HYDRO PAIERA POUR CACHER DES FILS (… AUX ÉTATS-UNIS)
Afin de protéger de beaux paysages américains, Hydro-Québec accepte d’enfouir à ses frais 83 km d’une ligne à haute tension. Coût de l’opération: 500 M$.
Des experts jugent Hydro-Québec «jovialiste» quant au projet Northern Pass, dont ils doutent de la rentabilité dans les conditions actuelles.
L’électricité se vend en moyenne entre 3 et 4 cents du kilowattheure sur le marché de la Nouvelle-Angleterre, mais Hydro Québec risque de devoir rembourser 5,5 cents par kilowattheure pour les coûts de construction en territoire américain. À ce prix, elle exporterait à perte.
Le projet en vaut-il la peine? «Ma réponse, c’est non (…) Les prix [de l’électricité] n’ont jamais été si bas», tranche Jean-Thomas Bernard, spécialiste des marchés de l’énergie à l’Université d’Ottawa.
Et dans dix ans, sera-t-il rentable? «Pas impossible», dit l’expert, qui souligne toutefois qu’Hydro tient depuis 15 ans un discours optimiste en raison de politiques plus sévères contre les gaz à effet de serre. Or, constate-t-il, ces dernières tardent à se matérialiser. «Et je doute que ça arrive avec Donald Trump», estime-t-il. Le nouveau président américain a exprimé son intérêt pour les industries du charbon et du pétrole.
Le professeur Bernard rappelle aussi l’importante production d’électricité à partir du gaz naturel en Nouvelle-Angleterre. De plus, il souligne que les sources éolienne et solaire sont en croissance et les coûts de production s’approchent de plus en plus de ceux de l’hydro-électricité.
« BELLES LUNETTES ROSES »
Selon ISO New England, qui supervise le marché de l’énergie dans cette région, entre 2008 et 2016, la valeur du marché de l’énergie a dégringolé de 275 %, passant de 12,1 à 4,1 G$. Depuis 17 ans, jamais l’électricité n’a été aussi abordable dans ce secteur.
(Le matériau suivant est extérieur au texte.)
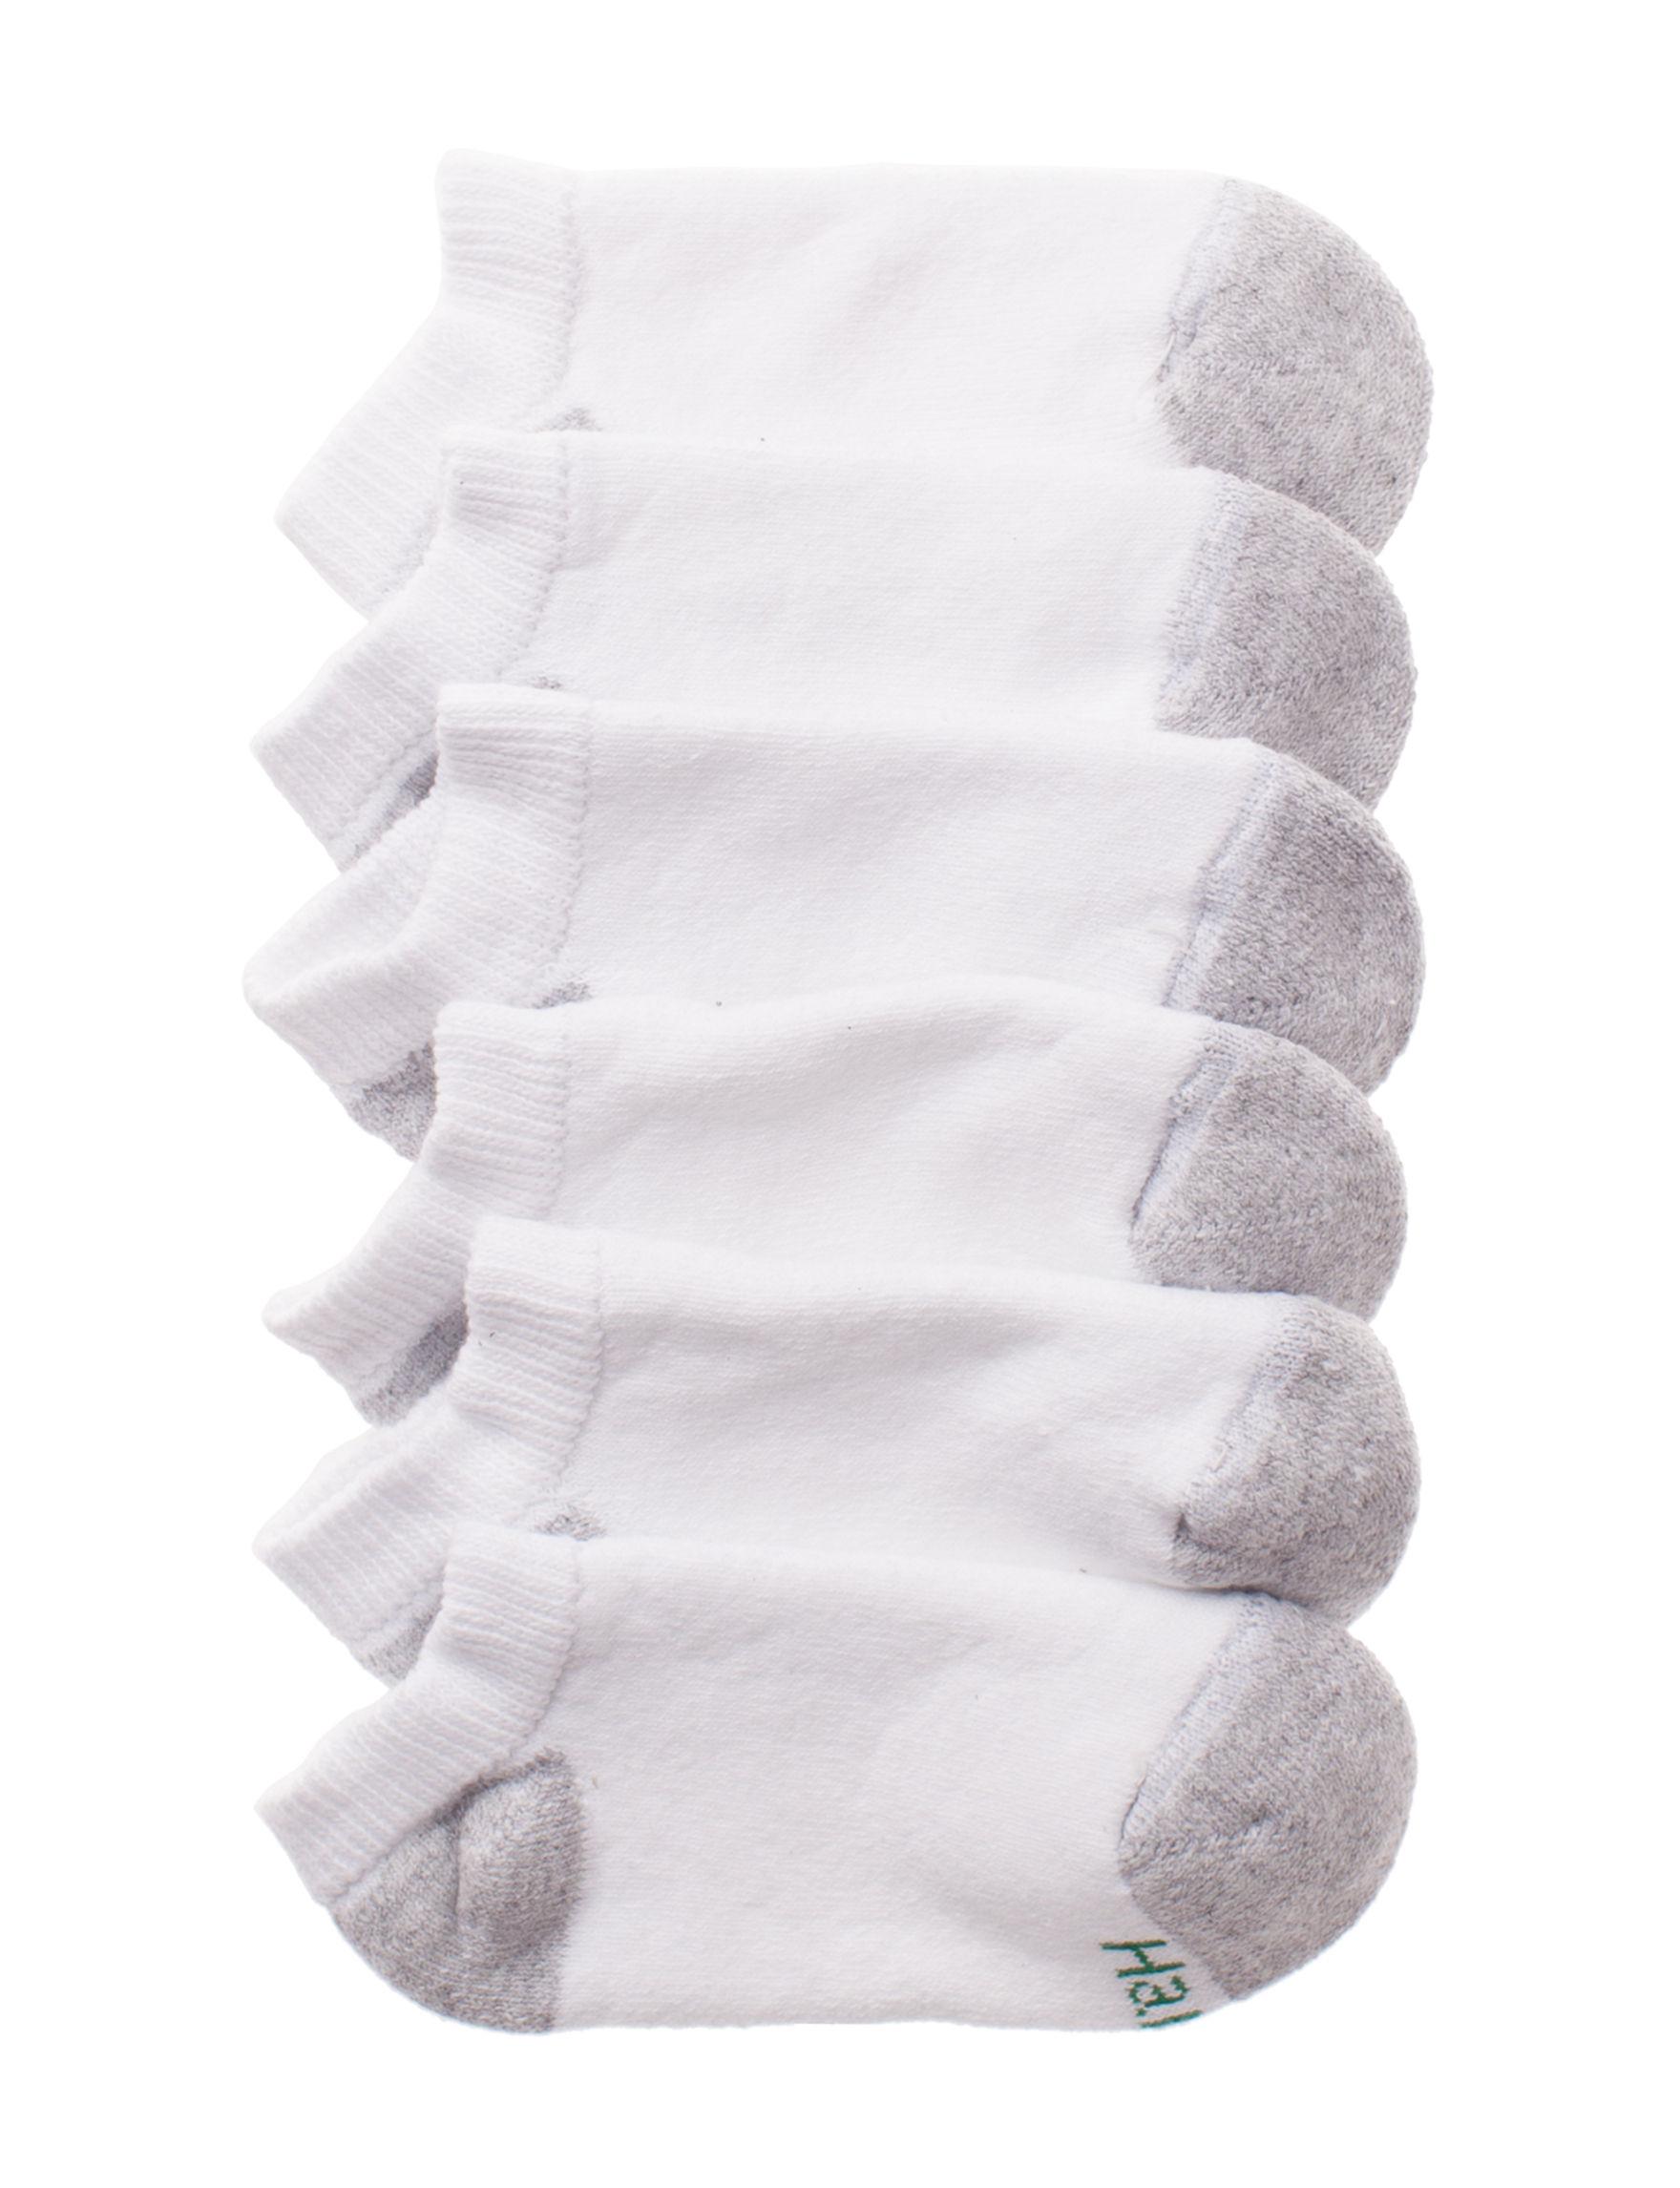 Hanes White Socks

Hydro porte donc de «belles lunettes roses», selon l’image de Jean-Pierre Finet, analyste en gestion de l’énergie pour le Regroupement des organismes environnementaux en énergie. «La profitabilité des exportations repose essentiellement sur la perspective d’hivers rigoureux, ce qui a été le cas la dernière fois à l’hiver 2013-2014 et qui ne sera pas nécessairement le cas de façon soutenue au cours des prochaines années.»
De son côté, le porte-parole d’Hydro Québec, Serge Abergel, maintient que la Nouvelle-Angleterre a un intérêt très marqué pour les énergies renouvelables.
Si Hydro cherche à réaliser ce projet, «c’est parce qu’on pense que c’est intéressant» et «profitable», insiste-t-il.
Certes, les prix sont moins intéressants, mais même dans ce marché, il y a des occasions à saisir, soutient-il.
M. Abergel rappelle que les exportations hors Québec, en 2015, ont rapporté 900 M$ de bénéfice à la société d’État, dont la moitié provenait des marchés de la Nouvelle-Angleterre. Ces bénéfices ont baissé de 79 M$ entre les trois premiers trimestres de 2015 et ceux de 2016.